I think I have experienced a little bit of each of these feelings, but the feelings were much stronger a year ago at the beginning of my retirement than they are now. And that is where “The Joy of Not Working” comes in. Ernie Zelinski essentially posits that simply put, work is over rated. That sounds like blasphemy to people like me. Certainly there is no way I could buy what he is selling in this book! Wrong.

Actually he did prove to me that leisure is more valuable than work! I literally have had a paradigm shift as a result of this book. And thankfully it has come at the perfect time. As I stated early in my blogging, I am working out everything about my retirement life, or plan, as I go. This book will be a text book for me. I plan to totally embrace its teachings.  I can tell you that my views on work were skewed and out of whack. And further my family and I have paid a price as a result. I am sorry that I did not have a healthier, more balanced view of work at the age of 23. However, in fairness my focus was really just about supporting my family of five, and I didn’t know any other way to do it.

Zelinski makes so many valuable and important points that I will be writing a series of blog posts centered around the book.
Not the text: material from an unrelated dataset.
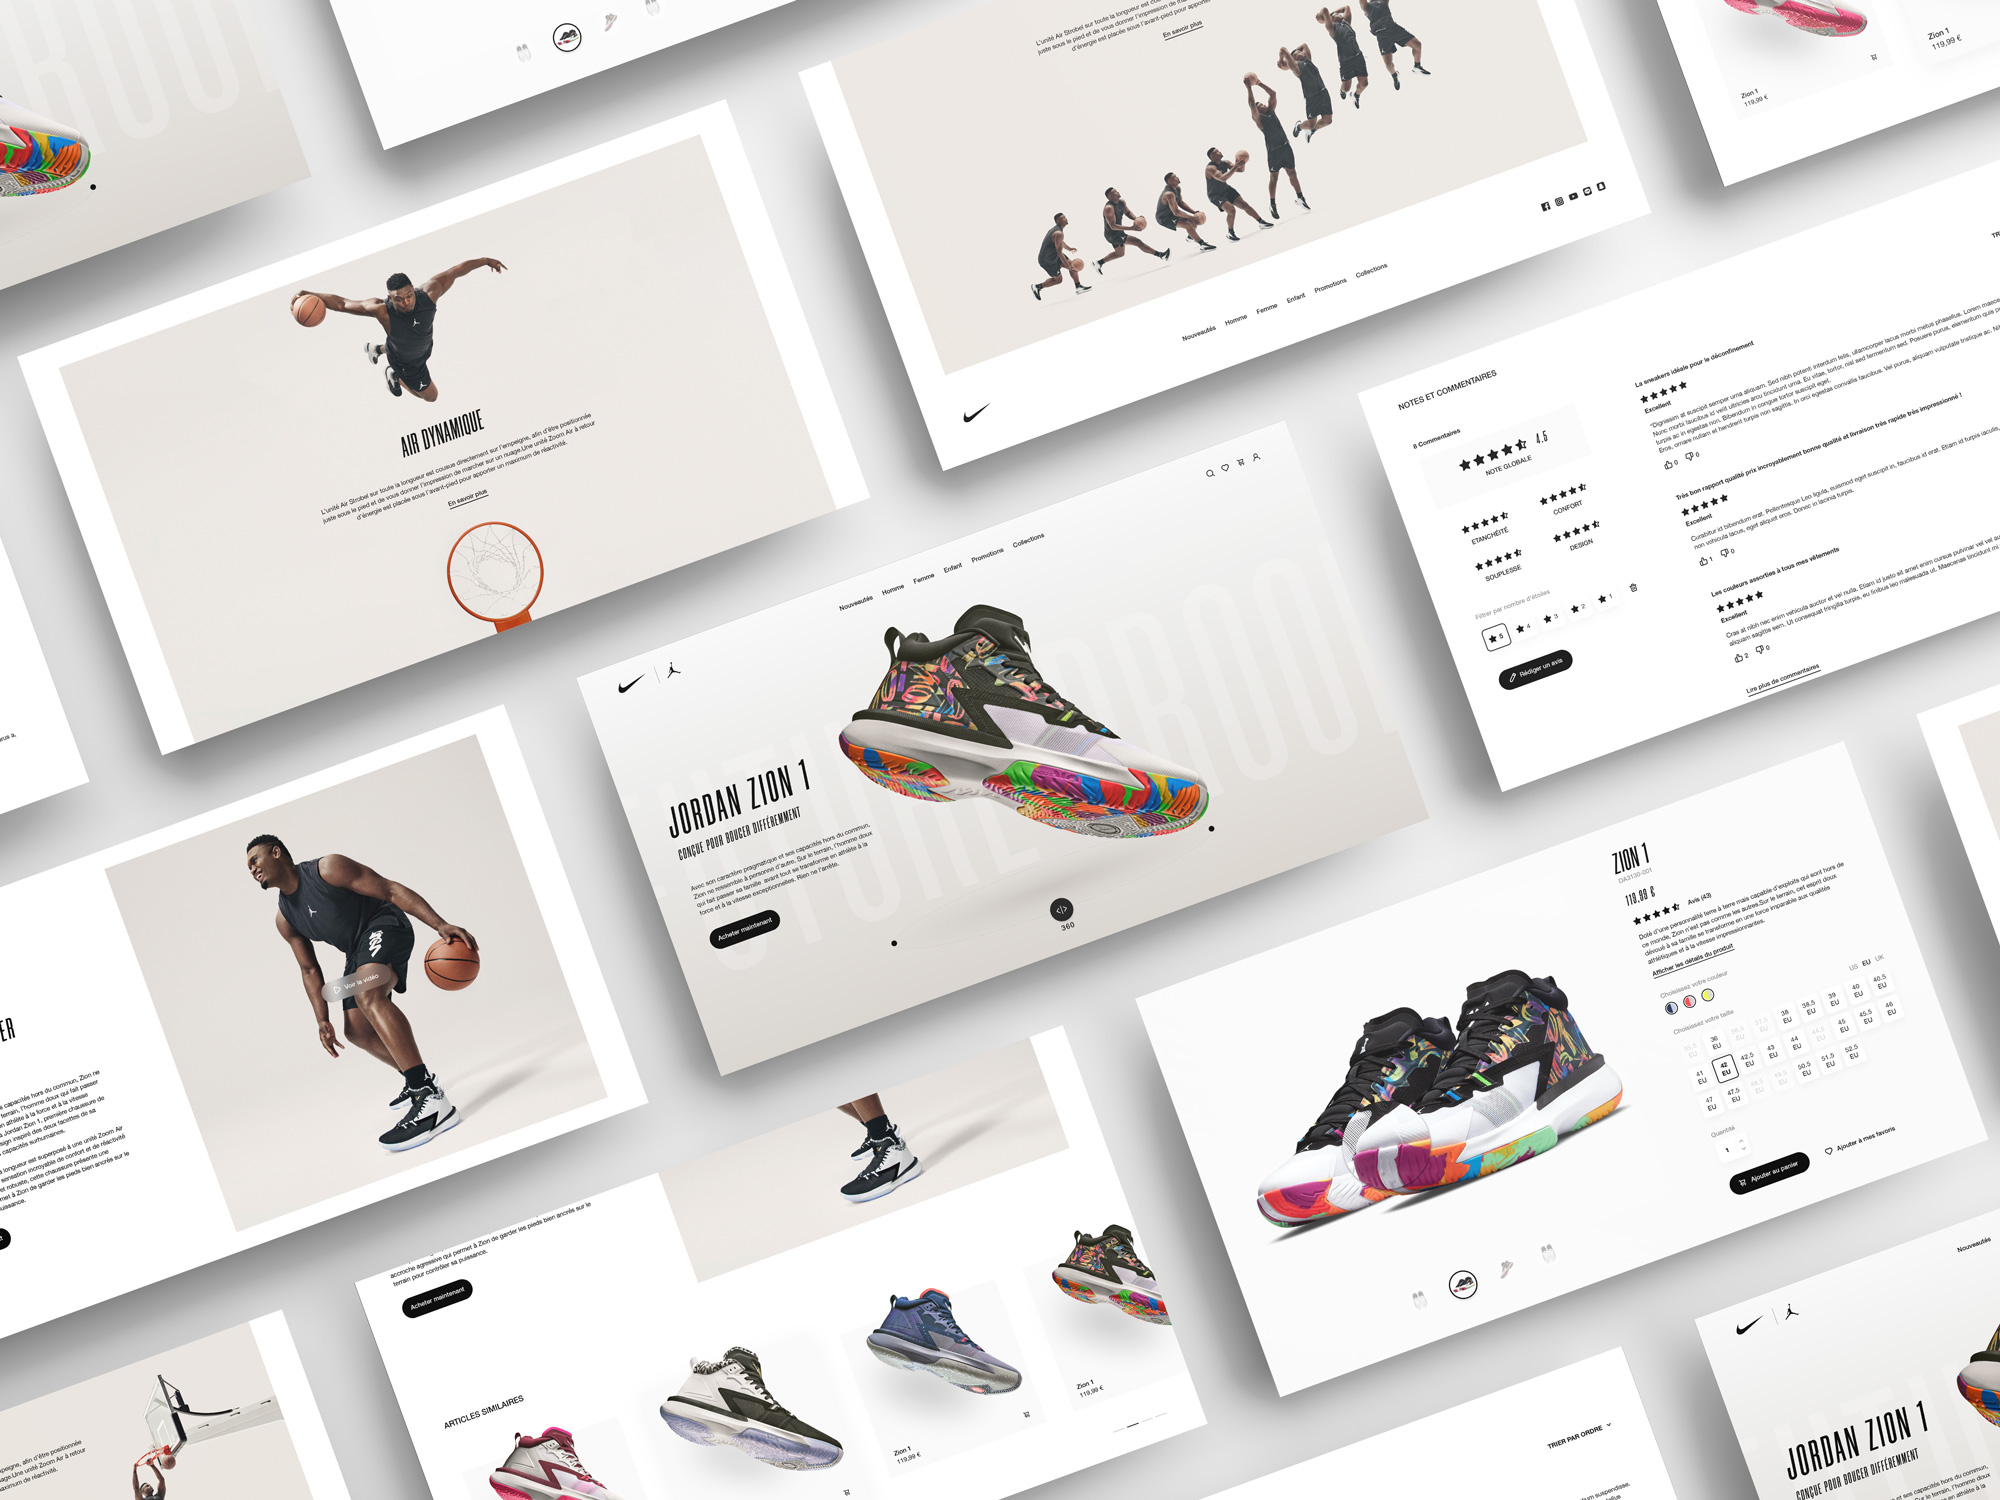 Nike Jordan Zion

The title might imply that it is primarily about the value of leisure versus work, but it goes much further than that. Just a couple of points he drives home are 1. the value of living in the now. This moment or day only, 2. we can really live well on far, far less money then we currently make, 3. the real cause of boredom, 4. getting to know yourself, 5. money will never make you happy, 6. the beauty of solitude, and too many more to mention.

Obviously, I highly, highly recommend you purchase this book. If it doesn’t help you in some area of your life, I will be shocked. And I promise you that you will want to pass it on to several of your friends who you know will be helped by it.